Che cosa sono i satelliti?

In astronomia un satellite è definito come un oggetto che orbita attorno a un corpo celeste di massa maggiore, tipicamente un pianeta. Questa definizione comprende sia i satelliti naturali, come la Luna che orbita intorno alla Terra o le numerose lune di Giove e Saturno, sia quelli artificiali, creati dall’ingegno umano per svolgere specifiche funzioni tecnologiche.

Nel contesto delle attività spaziali moderne, i satelliti artificiali rappresentano strumenti fondamentali per l’esplorazione scientifica e il progresso tecnologico. Questi dispositivi, che variano enormemente in dimensioni e complessità, orbitano a diverse altitudini sopra la superficie terrestre.

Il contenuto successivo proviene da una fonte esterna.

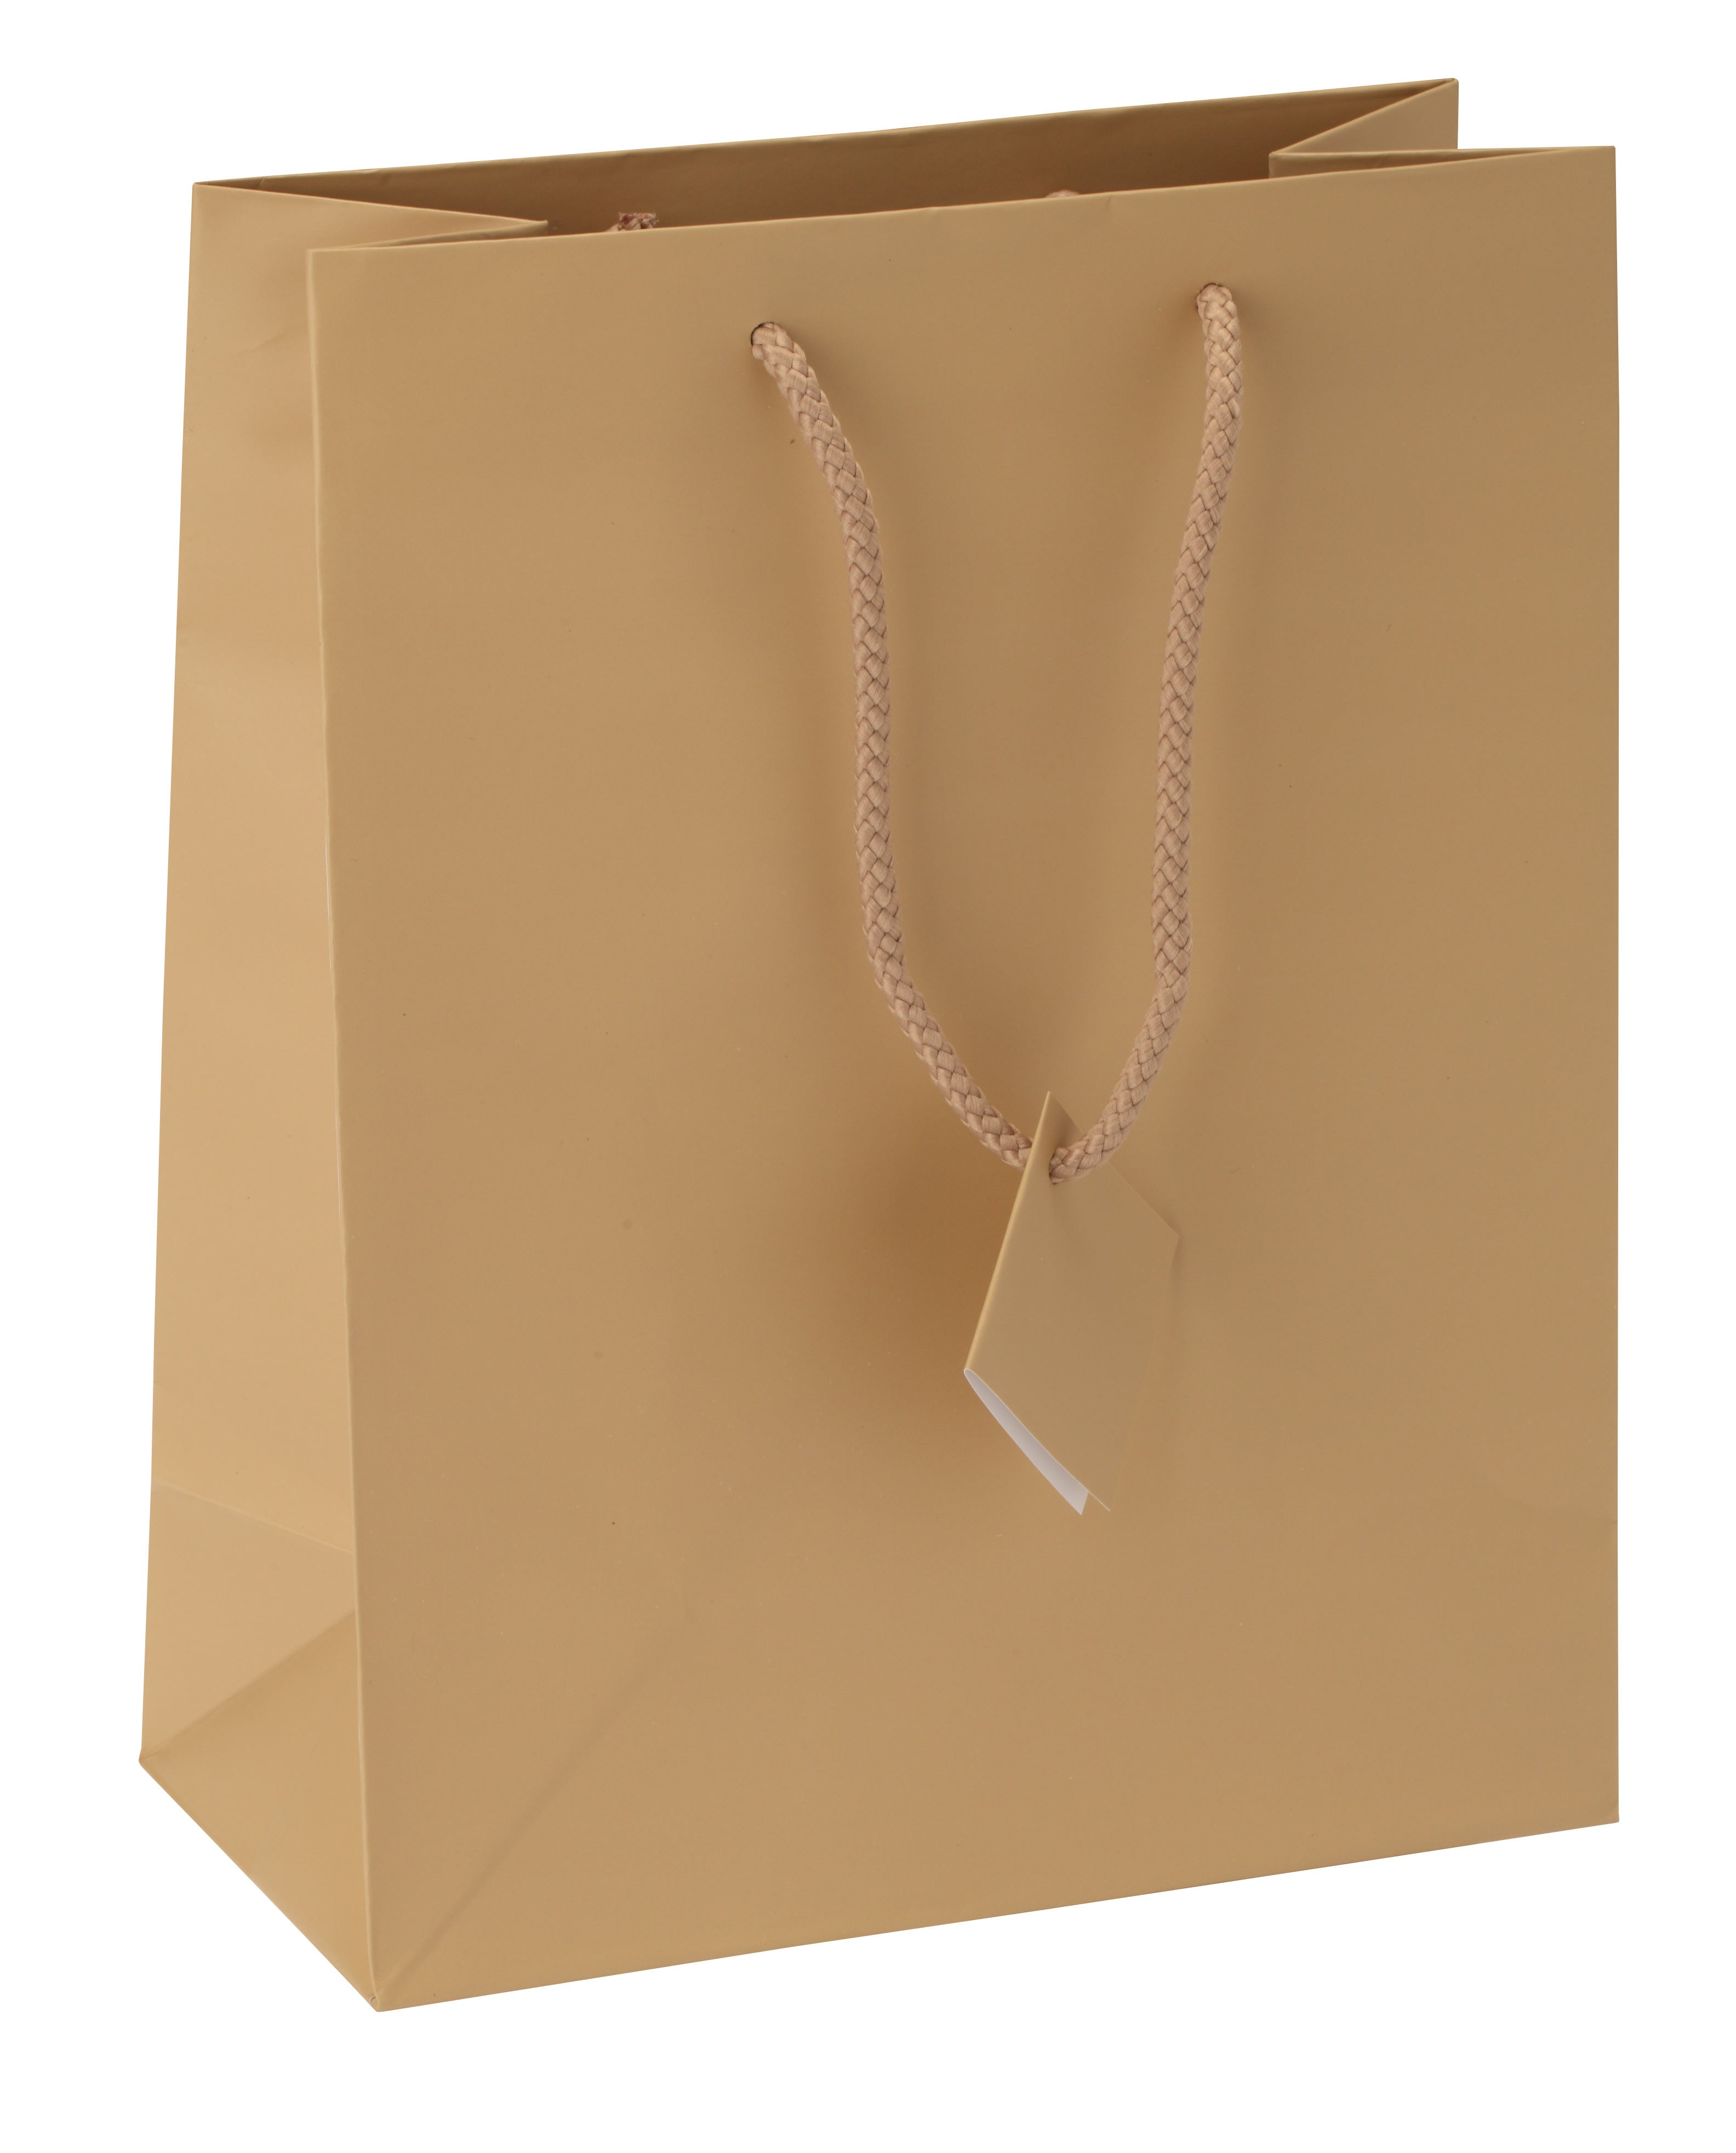 Satin-Finish Tote-Style Gift Bags in Khaki

Satelliti artificiali: le principali tecnologie e applicazioni

Le tecnologie satellitari si articolano in tre principali categorie operative, ciascuna delle quali costituisce la base per una vasta gamma di applicazioni civili, scientifiche, industriali e militari:

  • Telecomunicazioni: i satelliti per telecomunicazioni operano come ponti radio orbitanti, ricevendo e ritrasmettendo segnali tra punti distanti della Terra. Questa tecnologia consente la trasmissione di dati, voce e video, ed è alla base di applicazioni come le comunicazioni intercontinentali, la televisione satellitare, l’accesso a Internet in aree remote e le reti mobili globali;
  • Navigazione e posizionamento: i satelliti di posizionamento globale trasmettono segnali sincronizzati che, elaborati dai ricevitori a terra, permettono il calcolo preciso delle coordinate geografiche, della velocità e del tempo. Questa tecnologia supporta applicazioni come la navigazione stradale, la gestione del traffico aereo e navale, l’agricoltura di precisione, i servizi di geolocalizzazione e le operazioni militari;
  • Osservazione della Terra: i satelliti di osservazione monitorano il nostro pianeta acquisendo dati tramite sensori ottici, radar, multispettrali, iperspettrali e termici, fornendo immagini e misurazioni di alta precisione. Questa tecnologia è impiegata per applicazioni come il monitoraggio ambientale, la gestione delle risorse naturali, la meteorologia, la sicurezza, l’agricoltura e la risposta ai disastri naturali.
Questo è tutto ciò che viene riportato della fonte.